YOUR RESPONSIBILITIES:
- Monitor the performance and health of InfiniBand fabrics, including switches, host adapters, and nodes, using existing tools and contribute to developing new monitoring solutions where necessary.
- Investigate & Help diagnose network connectivity issues, performance bottlenecks, and component failures.
- Collaborate with cross-functional teams to support HPC clusters and ensure smooth network operation.
- Assist with the deployment and configuration of network infrastructures, including large-scale fabric installations from initial setup to operational readiness.
- Maintain and update network documentation and workflows to align with organizational standards.
- Contribute to the requirements for deployments and guide cross-functional teams during implementation.
- Develop and implement advanced monitoring tools and strategies for network performance.
- Work with senior colleagues to research technologies to improve scalability and security.
- Work with senior colleagues to help optimization initiatives, ensuring maximum efficiency, security, and performance.
- Contribute to new network technologies into existing infrastructure.
- Troubleshoot for complex, high-impact network issues across multiple sites.
- Support with Technical Network incidents, working with other teams to resolve issues quickly.
- Work with your team to support network automation solutions using Ansible, Nornir, and Netmiko.

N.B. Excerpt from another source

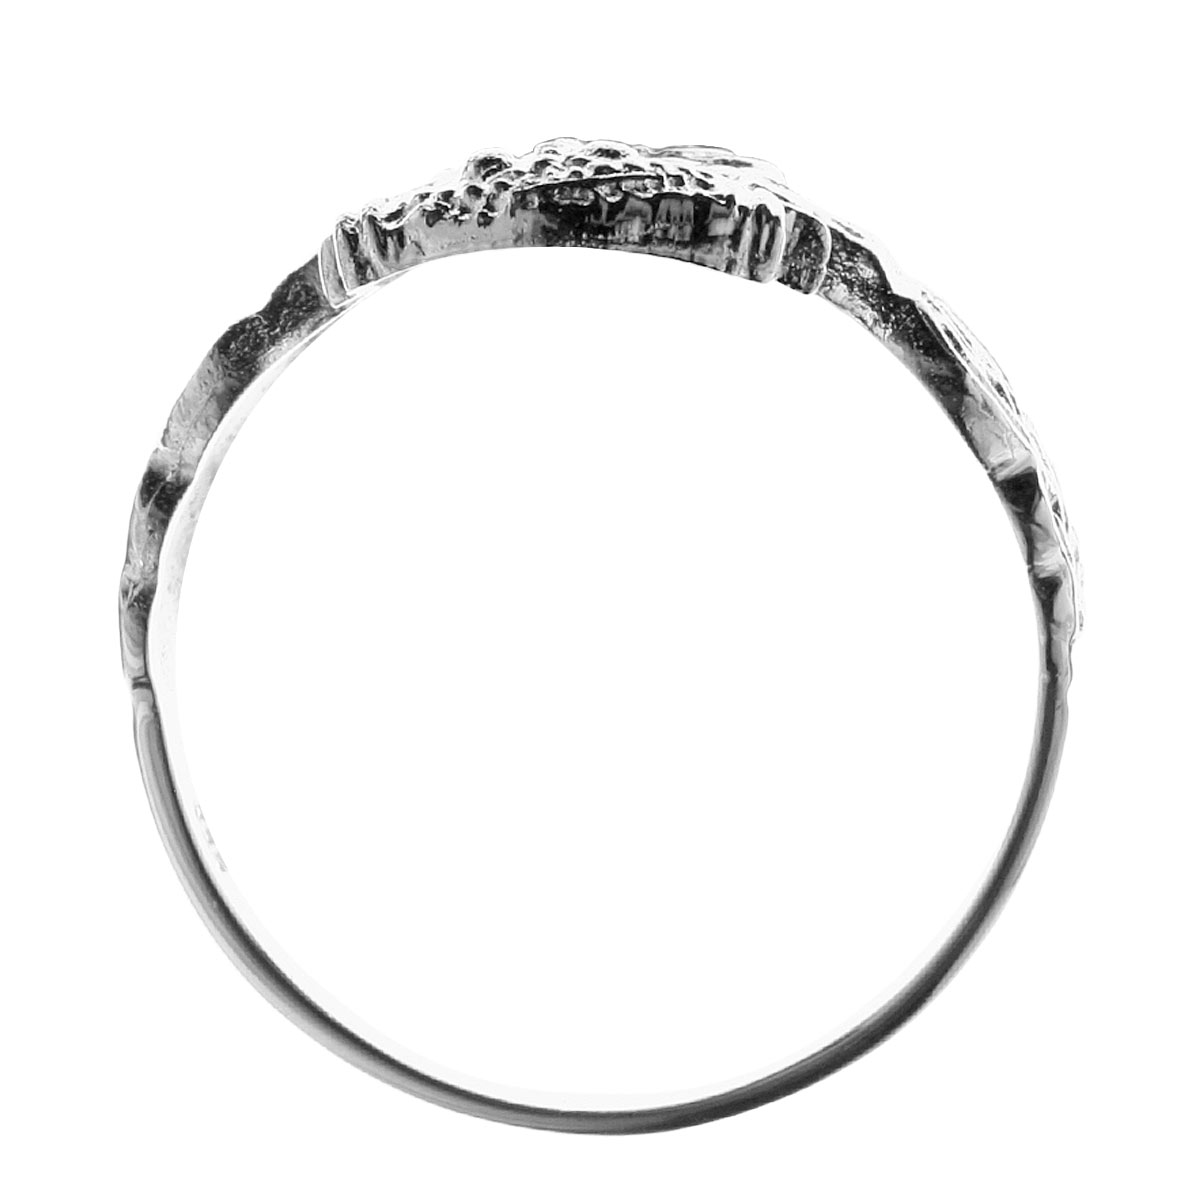 Ring Hiddensee Silber 925/000, -Größe wählbar-

- Contribute ideas and initiatives to ensure network changes are repeatable, efficient, and error-free.
YOUR REQUIREMENTS:
- Knowledge of InfiniBand configuration and management.
- Familiarity with optical networking hardware and Linux system administration.

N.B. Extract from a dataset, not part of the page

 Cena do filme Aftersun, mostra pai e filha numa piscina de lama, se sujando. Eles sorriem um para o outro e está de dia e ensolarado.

- Have knowledge of one scripting language (e.g., Python, Bash).
- Analytical and troubleshooting skills.
- Ability to collaborate effectively in team environments.
- Willingness to travel to data centers for deployments and support.
2 years of experience in network engineering, with a focus on high-performance environments is Ideal but not mandatory - Understanding in InfiniBand, RDMA, and advanced network architectures is a Bonus
- Certifications (e.g., CCIE, NVIDIA DPU Certification) is a Bonus
Linux System & Network Security:
- Contribute to network-related Linux administration, ensuring high availability, security, and performance.
- Work with an understanding of security measures, including firewalls, VPNs, and access control policies.
- HPC & InfiniBand understanding:
- Contribute to designing and implementation of HPC network architectures, focusing on InfiniBand configurations for performance-critical environments.
- Work alongside senior colleagues for integration and management of InfiniBand for high-throughput, low-latency computing systems.
- Provide technical input on HPC interconnect issues, optimizing performance across large clusters.
With us, you will work towards the future of HPC: From new, sustainable building methods for data centers to cooling concepts to software solutions for accelerated compute.
Your approaches count: In official exchange formats or spontaneously at the coffee machine. At Northern Data, it's the best idea that counts - not the hierarchy. We’re looking forward to getting your inputs!
You make the difference in the company: Unlike in established corporations, at Northern Data you will really help shape things. From implementing new departments, to optimizing processes and culture.
Best-in-class partners: The best work with Northern Data. This means a knowledge and time advantage from which your career and our customers benefit equally.
Green by heart: Sustainability is at the core of Northern Data. With us, you actively work on the carbon neutrality of datacenters worldwide. Beginning with our infrastructure and continuing with the solutions for our clients, we work towards a green future.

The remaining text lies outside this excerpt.